In [35]: df = DataFrame({'A' : list('aabcda'), 'B' : list('bcdaae')})
In [36]: df
Out[36]:
A B
0 a b
1 a c
2 b d
3 c a
4 d a
5 a e
In [37]: df.apply(lambda x: x.astype('category'))
Out[37]:
A B
0 a b
1 a c
2 b d
3 c a
4 d a
5 a e
In [38]: df.apply(lambda x: x.astype('category')).B
Out[38]:
0 b
1 c
2 d
3 a
4 a
5 e
Name: B, dtype: category
Categories (5, object): [a, b, c, d, e]
In [39]: df.apply(lambda x: x.astype('category')).A
Out[39]:
0 a
1 a
2 b
3 c
4 d
5 a
Name: A, dtype: category
Categories (4, object): [a, b, c, d]
But if you have 'similar' cateogories then you would usually do this, automatically
astyping with the same uniques.
In [41]: uniques = np.sort(pd.unique(df.values.ravel()))

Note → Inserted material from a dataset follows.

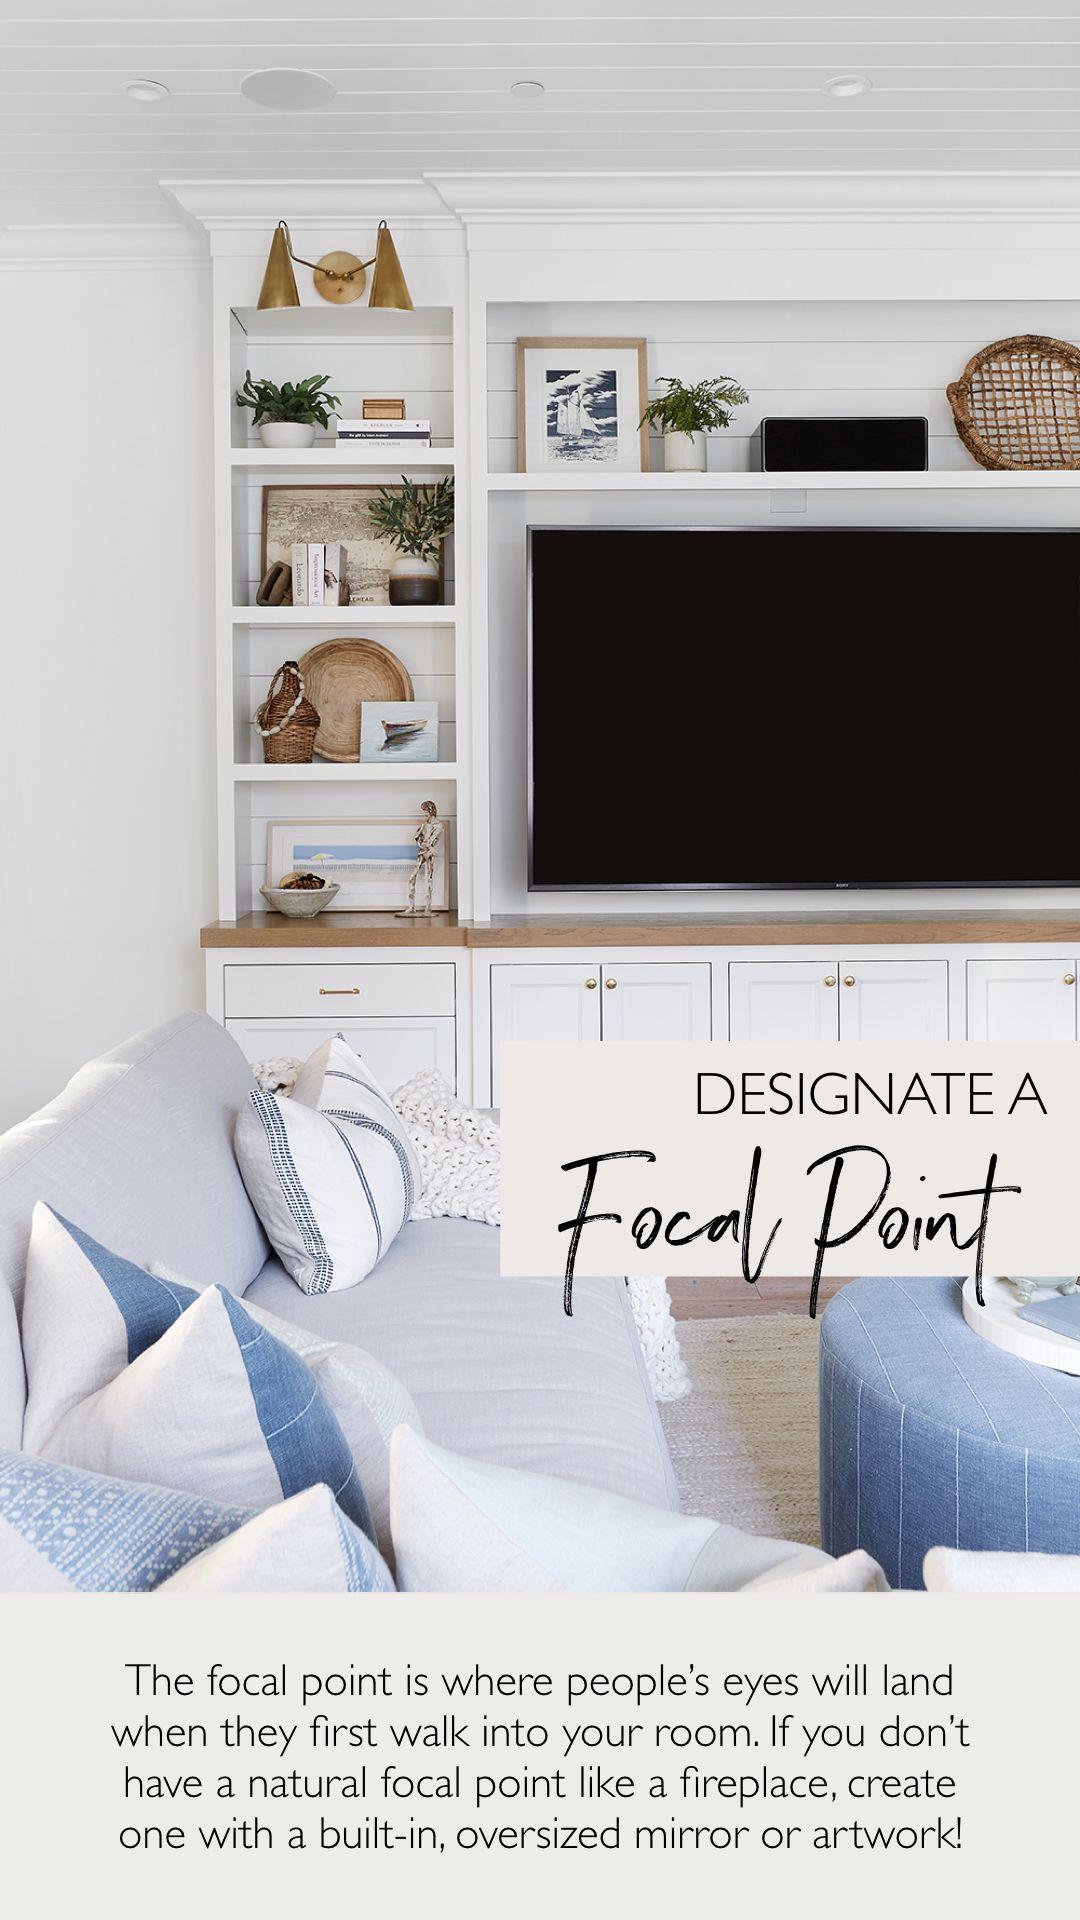 Living Room Essentials | INTERIOR DESIGN TIPS AND TRICK | #DesignTips #InteriorDesign #InteriorDesignTips #Tips #DecorTips #DesignGuide #InteriorDesignGuide #HomeDecor #livingroomessentials

In [42]: df.apply(lambda x: x.astype('category', categories=uniques)).A
Out[42]:
0 a
1 a
2 b
3 c
4 d
5 a
Name: A, dtype: category
Categories (5, object): [a, b, c, d, e]
In [43]: df.apply(lambda x: x.astype('category', categories=uniques)).B
Out[43]:
0 b
1 c
2 d
3 a
4 a
5 e
Name: B, dtype: category
Categories (5, object): [a, b, c, d, e]
This is failry straightforward to actually implement, and I think is a nice easy way of coding, w/o having to actually support 2D categoricals internally (and we are moving away from internal 2-d structures anyhow).